Palawan Eastern Frogs and Smooth-Skinned Forest Frogs are, like many Philippine amphibians, both endemic and threatened. Another endemic species living in the tropical rainforests of the country is the Basilan Island Caecilian, which is known only from the type locality on Basilan Island. The widely distributed Painted Narrowmouth Toad is not endangered, but it is native to the country’s forests biome and degraded forest fringes. Because of the many islands in the archipelago country species experience restricted ranges and reproductive patterns couple tightly to the local micro-climates. As a result, many amphibian species are poorly known. So far the biodiversity conservation remains an on-going effort, and significant challenges include logging, conversion of natural habitats to agricultural lands, and rapid development of the human population.
Palawan Eastern Frog (Alcalus mariae)
The Palawan Eastern Frog (Alcalus mariae) is a species in the Ceratobatrachidae Family endemic to the Island of Palawan. The Palawan Eastern Frog is known from the type of locality it inhabits in Mount Balabag in the mountain range of Mantalingajan. Alcalus mariae is a stocky frog around 32 millimeters in length, with a depressed, broad head and a rounded snout. It has a visible tympanum. The digits are disk-tipped, webbed toes with disc tips, while the legs are stout and relatively short. Their natural habitat is in the lower montane forests probably breeding on land by direct development, just as other members of the genus do. The most significant threats facing the Palawan Eastern Frog are habitat loss and habitat conversion for agriculture. Even though the Mantalingajan mountain range is well protected, some areas are still prone to selective logging.

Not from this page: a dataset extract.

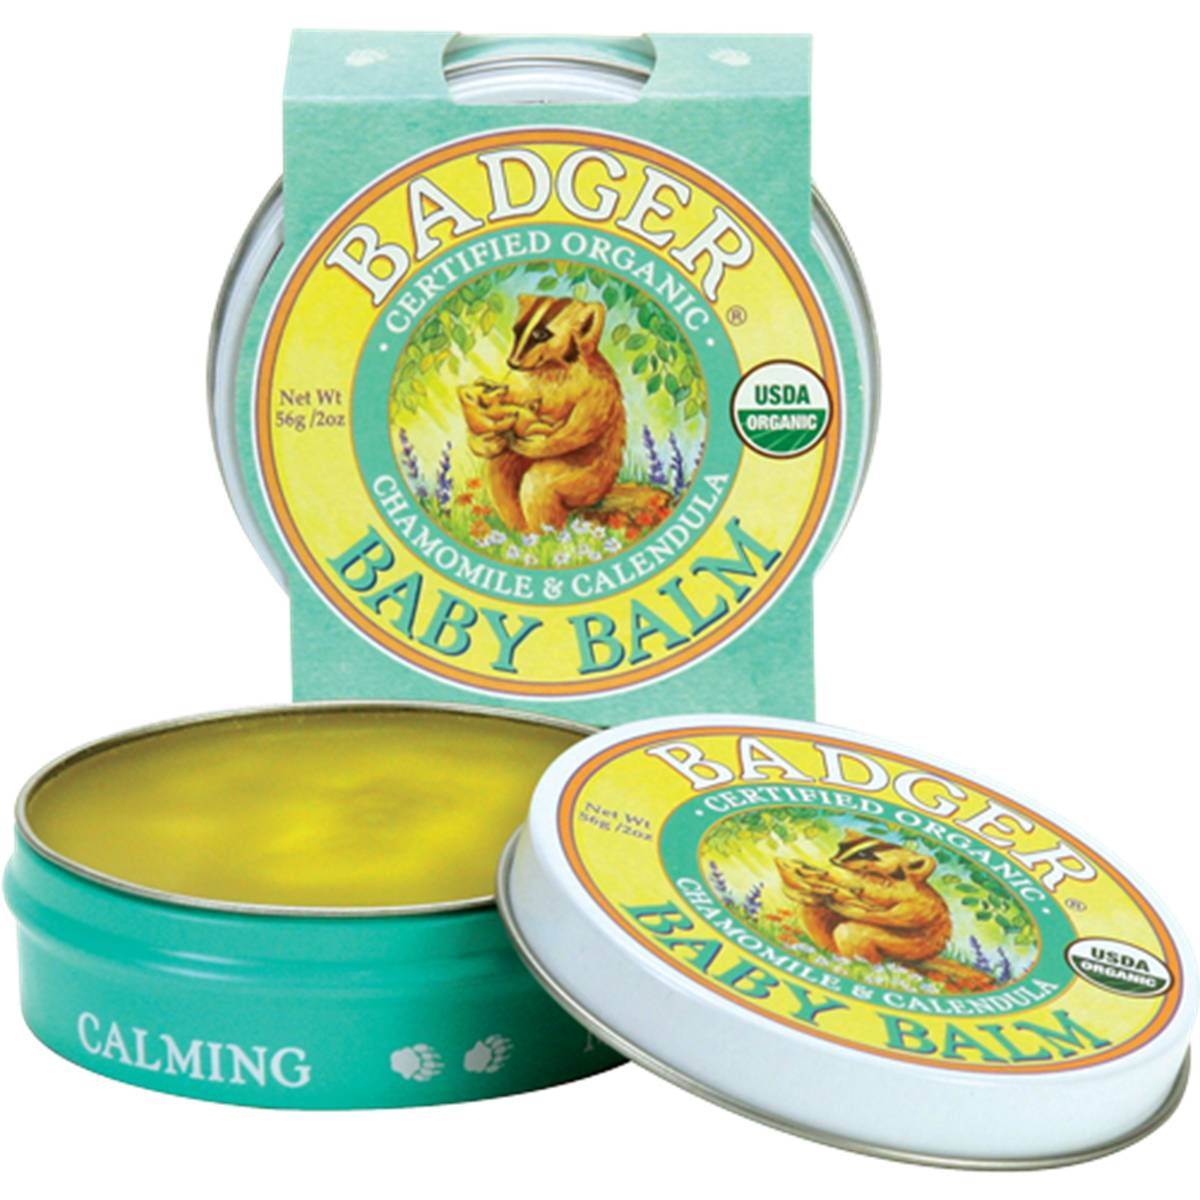 Badger Balm Badger Baby Balm, Liten 21g

Smooth-Skinned Forest Frog (Platymantis levigata)
The smooth-skinned forest frog is a species in the Ceratobatrachidae Family, and is also endemic to the Philippines. The species occurs in the rainforests of Tablas, Sibuyan, and Romblon Islands at an elevation of 800 or 900 meters above sea level. The species shows a direct development reproduction. The female lays eggs in forests habitats such as on leaves, twigs, branches, and moss. Continuing habitat loss from small-scale logging and clearing of lowland rainforests for agriculture purposes are the primary threats. The most important conservation approach needed at present is the protection of the remaining rainforests of Romblon and Tablas. The population on the Island of Sibuyan is well protected.
Basilan Island Caecilian (Ichthyophis glandulosus)

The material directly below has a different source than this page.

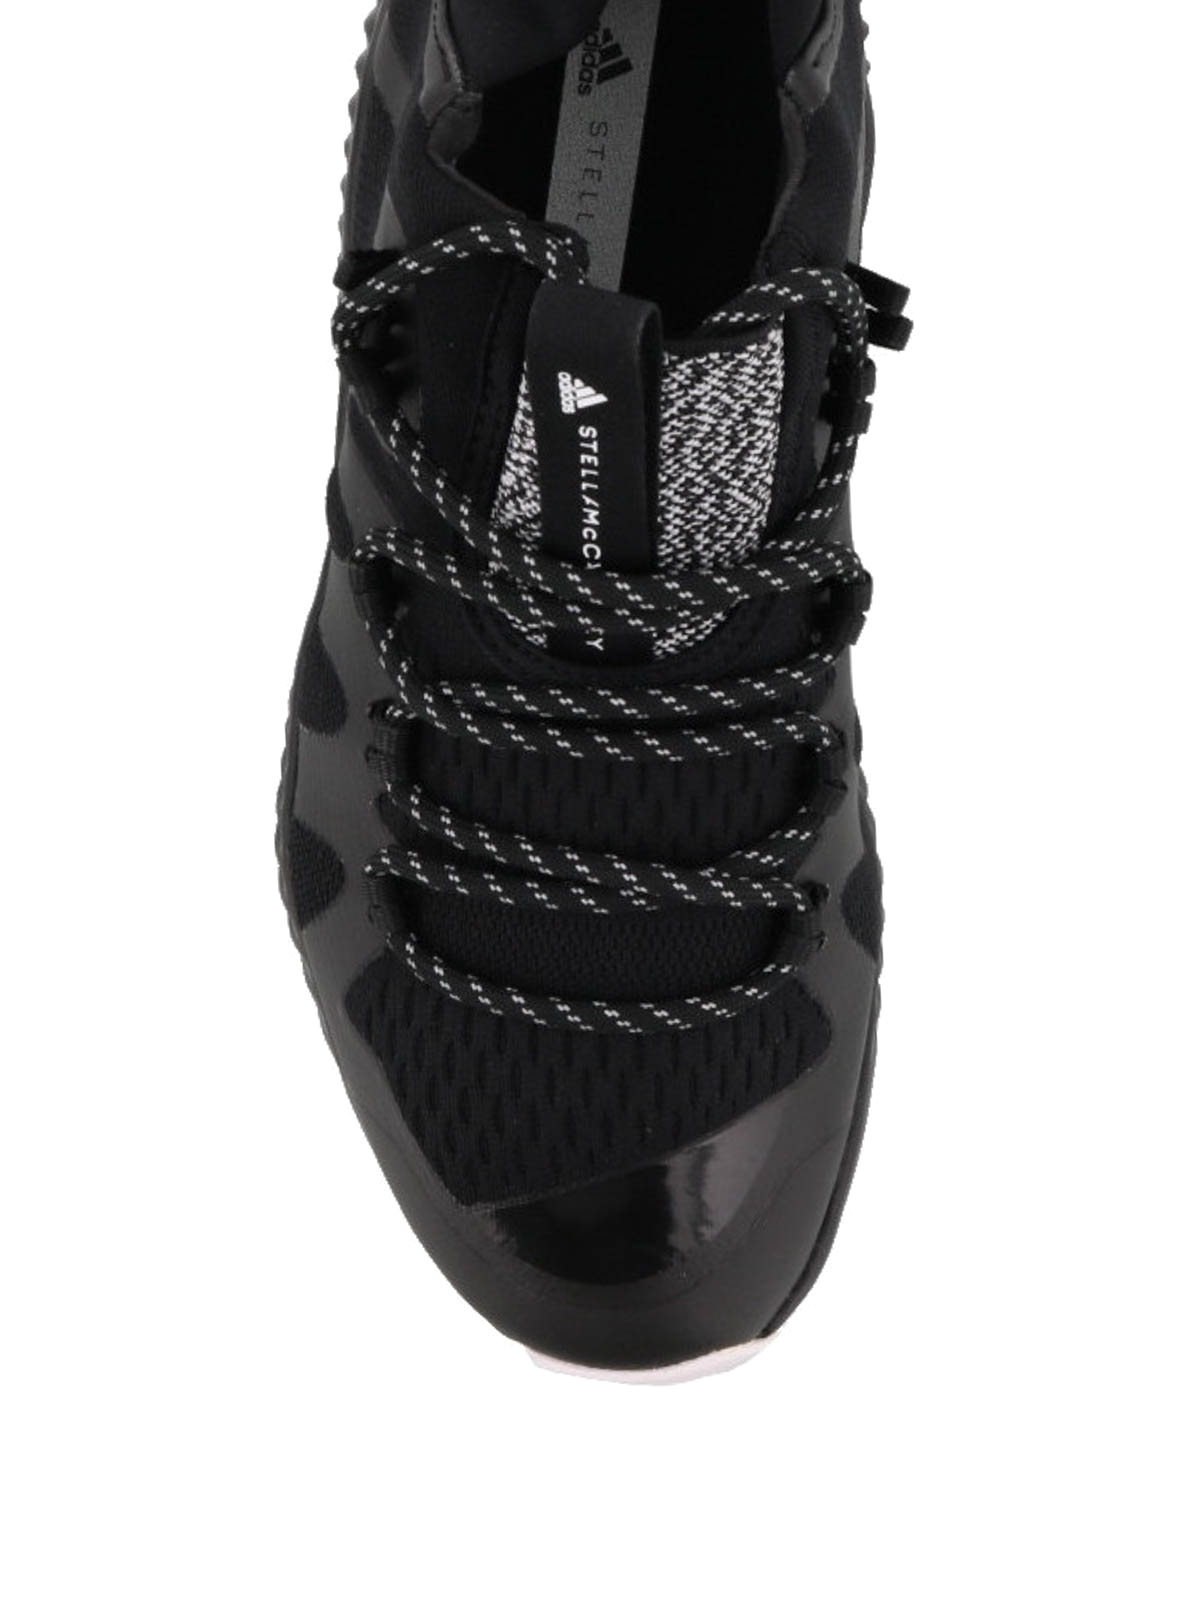 Zapatillas Adidas Mccartney Stella Crazytrain Bounce By wONknX08P

The Basilan Island Caecilian (Ichthyophis glandulosus) is an amphibian species in the Icthyophiidae Family. The species is endemic to the Philippines preferring to live in the tropical and subtropical moist lowland forests, tropical or subtropical moist Montane forests, freshwater springs, rivers, intermittent streams, near plantations, irrigated lands, seasonally flooded farms and rural gardens, and in heavily degraded former forests. The species biology is only known from the type locality on Basilan Island. The species is presumably oviparous with terrestrial eggs, aquatic larvae that inhabit the unpolluted rivers, streams, and quiet pools, and the adult are subterranean. Little information on threats to this species is known, but habitat loss resulting from pollution of water bodies or deforestation could impact on the species population.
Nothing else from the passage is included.